Тут Менелай малость приврал, но вид знати, смотревшей на него, раззявив рты, до того ласкал взор, что небольшой грешок царь себе все же позволил. Когда еще так похвастаться выйдет.
– А еще царь сказал, – добавил он. – Что если я победу одержу, то поставит он мне статую из мрамора, высотой в двенадцать локтей. А аэды сложит хвалебную песнь, которая останется в веках.
– О-о-о! – завистливо протянуло благородное собрание. – А нам с тобой можно? И мы тоже в веках хотим!
– Да там добычи особой не будет, – поморщился Менелай. – Много ли с бродяг возьмешь. Баб только с детьми, да к чему они сейчас! Их и кормить-то нечем.
– Да мы за еду пойдем! – уверили его воины. – Еду-то дашь?
– Еду дам, – кивнул Менелай, которому вместе с письмом прислали запас пеммикана и сушеной рыбы из Пантикапея. – Еда отменная будет.
– Да мы все пойдем! – возбудились воины.
– Все не нужны, – покачал Менелай кудлатой башкой. – Трех сотен достаточно будет. А то вдруг аркадяне налетят, а у нас и копье держать некому.
– Жребий потянем! – возбудились воины. – Как тогда, когда на Трою пошли.
– Ну ты и вспомнил, – поморщился Менелай. – Да пропади она пропадом, Троя эта. Все с ног на голову с тех пор встало.
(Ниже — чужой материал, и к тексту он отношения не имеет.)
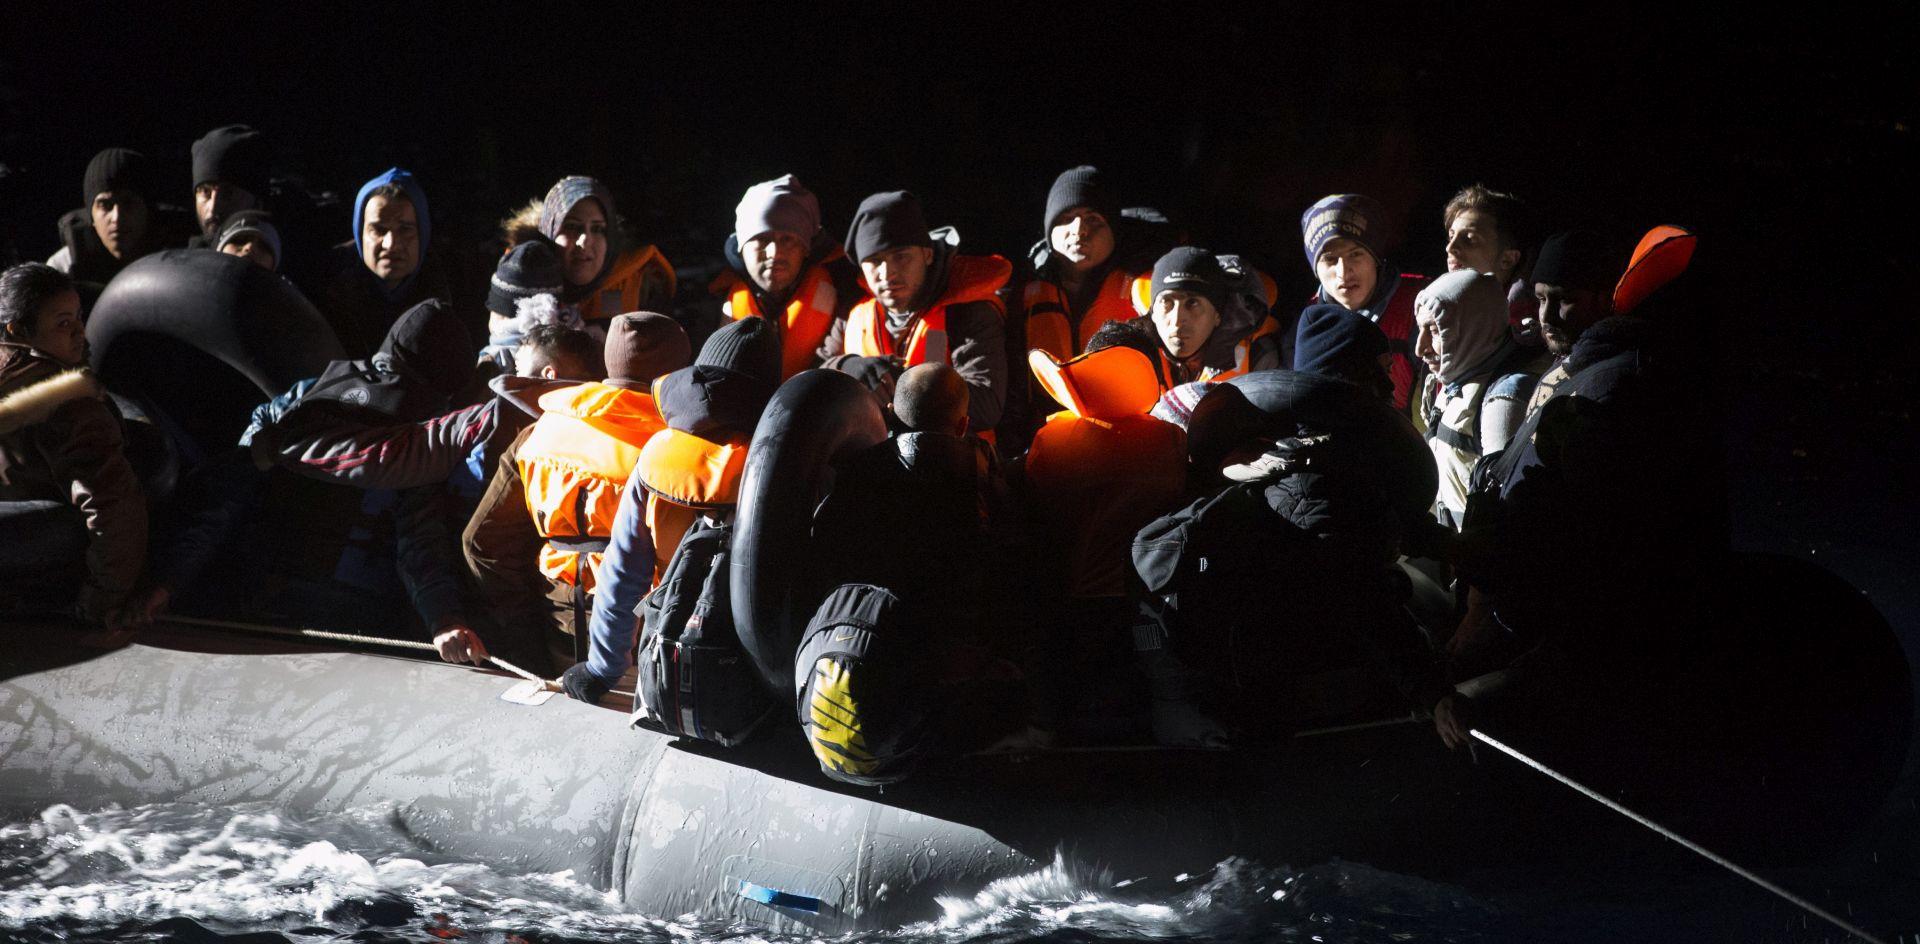 POTONUO ČAMAC NA PUTU PREMA GRČKOJ: Utopilo se 18 izbjeglica, 14 spašeno

Пир закончился, и Менелай собрал свою семью в мегароне. Сюда вложено немало. Скудная когда-то обстановка поменялась полностью. И столы, и ложа изготовлены из резного кедра, а стены расписаны бригадой египтян из Энгоми, которые опустошили его казну. Но зато теперь тут красота неописуемая, все вокруг завидуют и уважают. Со стен грозно взирает сам царь Менелай, разящий врагов длинным копьем, разящий их мечом и даже топчущий копытами коней.
– Итак, дети, жена, – сказал Менелай. – Я на войну ухожу. И как там боги рассудят, не знает никто. Если погибну, тебе, Никострат, отойдет Спарта. А тебе, Мегапенф – Амиклы. Правьте по справедливости, соблюдайте дедовские обычаи, слушайте стариков и воинов, не обижайте крестьян. Они тоже, какие-никакие, а люди. Не ссорьтесь, стойте друг за друга, как и пристало братьям. На войне помогайте.
Хеленэ, сидевшая тут же, нервно мяла в руках платок. Она уже немолода, а дочь Гермиона подарила ей внука. Привлекательное когда-то лицо обрюзгло, и его прочертили морщины – гусиные лапки у глаз и горькие складки в углах рта. Она все так же чтит память Париса, принося за него жертвы, а с Менелаем они порой и за месяц парой слов не перемолвятся.
– А я? – невесело усмехнулась Хеленэ. – А мне скажешь что-нибудь? Это мой дом, вообще-то. Тут отец мой и дед правили. А ты его сыну рабыни отдал.
– Что же ты мне сына не родила? – с ледяным равнодушием повернул к ней голову Менелай. – Может, тогда и было бы кому защитить тебя. Пока я жив, ты за мной. А если я погибну, у сына рабыни придется милости просить. Он царем станет. Я думаю, он старуху не обидит.
– Не обижу, отец, дам ей конуру и кусок лепешки, – хохотнул Никострат.
Буйный, неотесанный паренек не признавал иных занятий, кроме охоты и войны. В дела он вникать не любил, а свою мачеху всем сердцем ненавидел. И она ему отвечала полнейшей взаимностью.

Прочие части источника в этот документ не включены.